The bridge opened to traffic in 2009. It didn’t end up being the longest cable-stayed bridge in the world; it was beaten to the punch by the Sutong Yangtze River Bridge, which opened a year earlier in China’s Jiangsu province, with a span of 1,088 metres, compared to the Stonecutters’ 1,018 metres.
But Hussein takes satisfaction in knowing that the Stonecutters Bridge is particularly sophisticated in terms of its structure, even if it didn’t beat any world records. “It is a very, very robust design,” he says, noting that not only was it tested against severe winds, it is built to withstand a “one-in-10,000-year” earthquake. A dehumidifying system keeps corrosion at bay and a similar sensor system to the Tsing Ma Bridge monitors all aspects of the bridge’s performance. Like its suspension bridge sibling, the Stonecutters Bridge was built to last for a minimum of 120 years.
It was conceived not just as a bridge but as an icon. “It looks spectacular,” says Hussein. “There’s over 100 metres of stainless steel and it catches the sunlight coming off the South China Sea. It’s probably the last time someone would spend that much money on stainless steel.”
There are more bridges on the way.
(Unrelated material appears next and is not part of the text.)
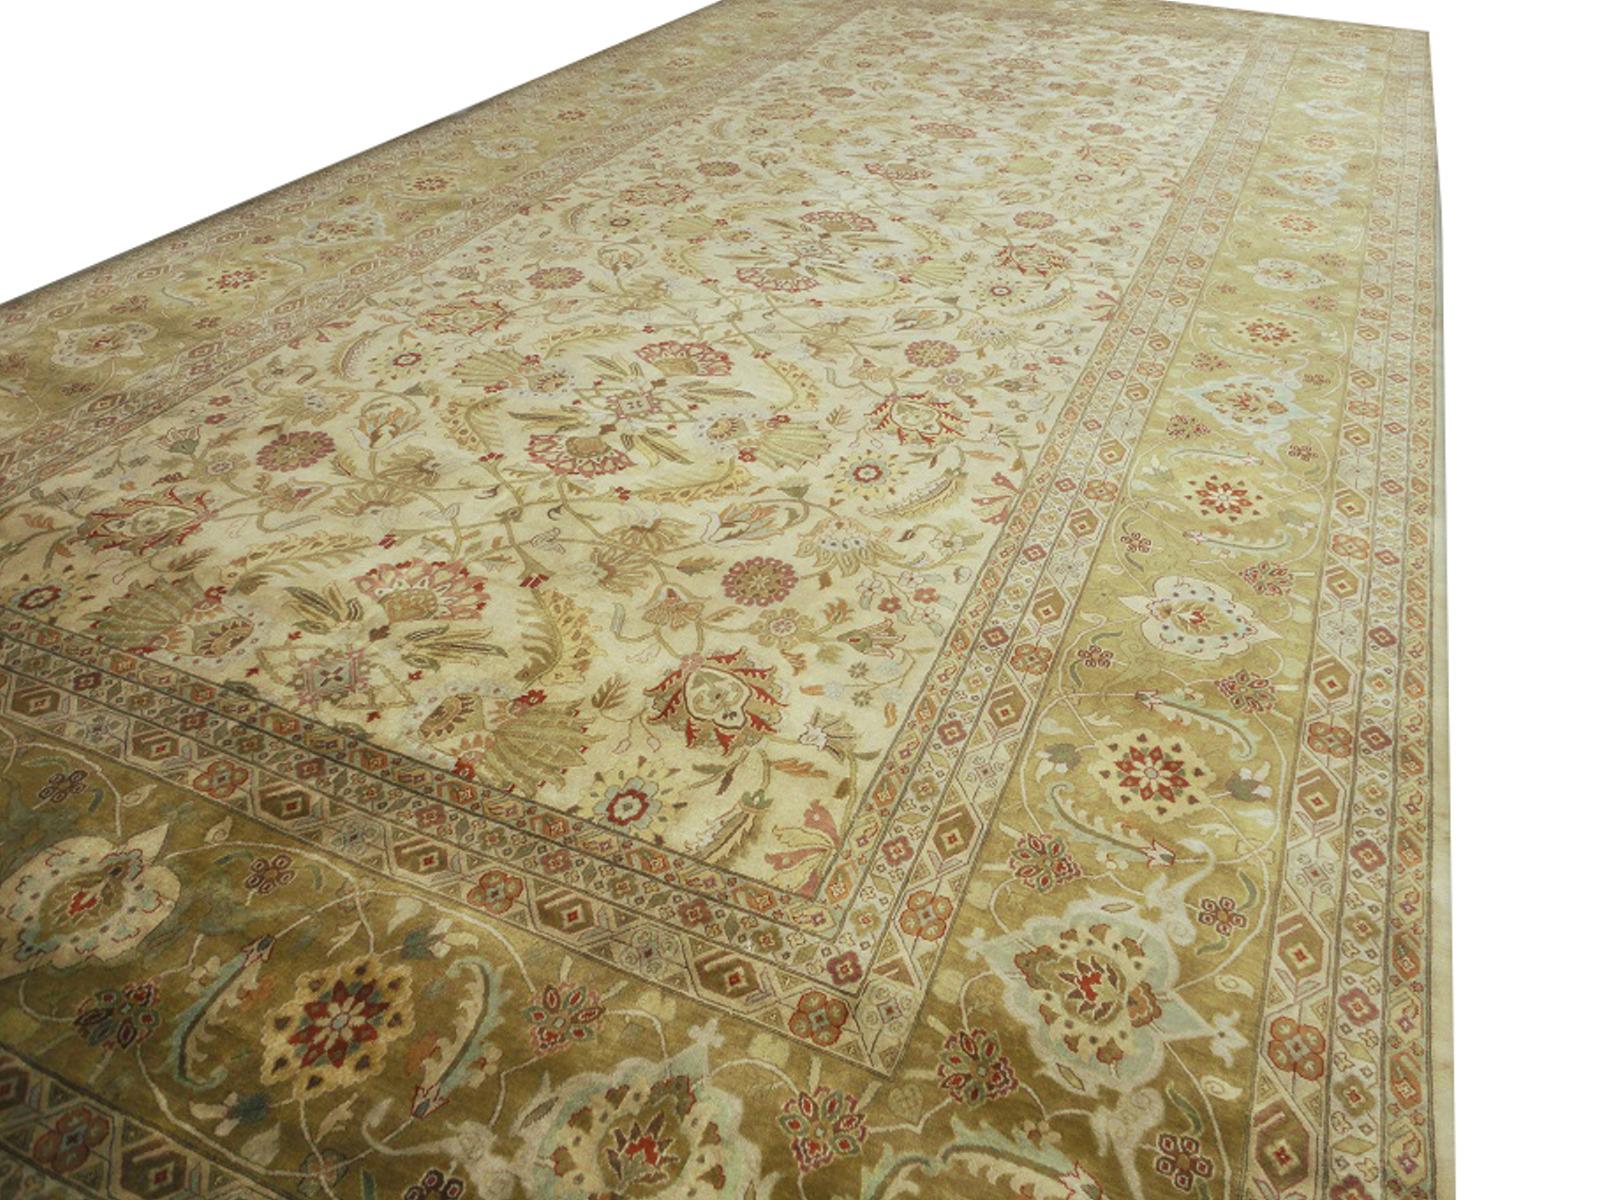 A beautiful oversized contemporary design carpet, hand knotted using finest wool. On a light crème field, the design of Lotus blossoms standing next to each other executed in gold, red and green tones. Design Influences are from Persian Tabriz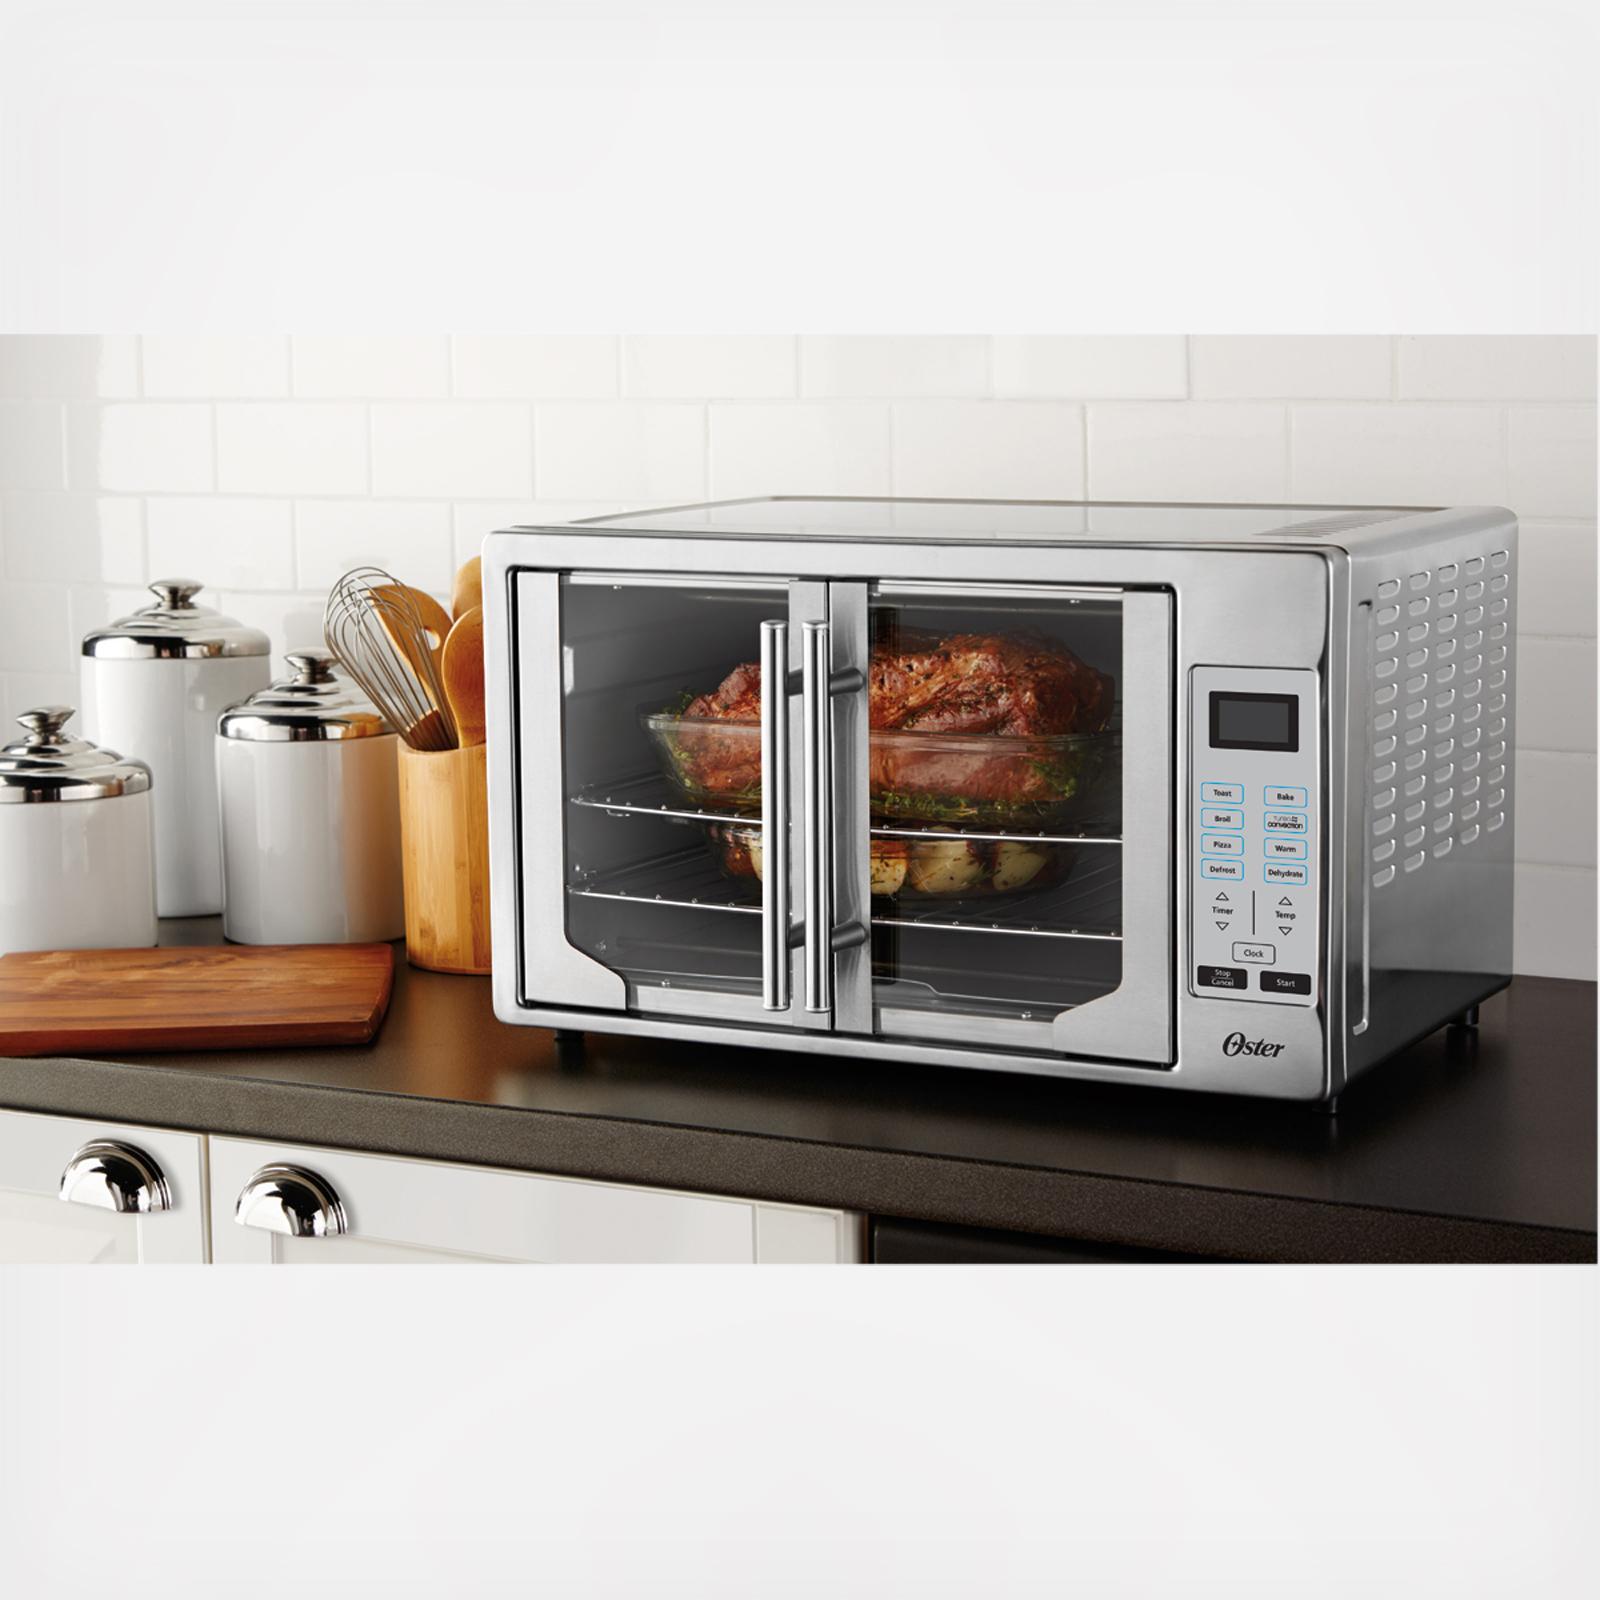 Oster French Door Toaster Oven, Extra Large, Red

The Cross Bay Link is currently under construction across the mouth of Junk Bay, with a 200-metre-long double-arch steel bridge serving as the centrepiece. Hussein says two additional suspension bridges are also in the works for the area around Ma Wan. “It will be a fantastic collection – five major bridges in a small area. That beats New York,” he says. “And the topography is so fantastic with the hills all around. Unlike many other places, in Hong Kong you can see these bridges from high points and low points – from the tops of hills or tall buildings, from ships going underneath.”
Hong Kong may not yet be famous for its bridges, but give it time: this is a bridge city in the making.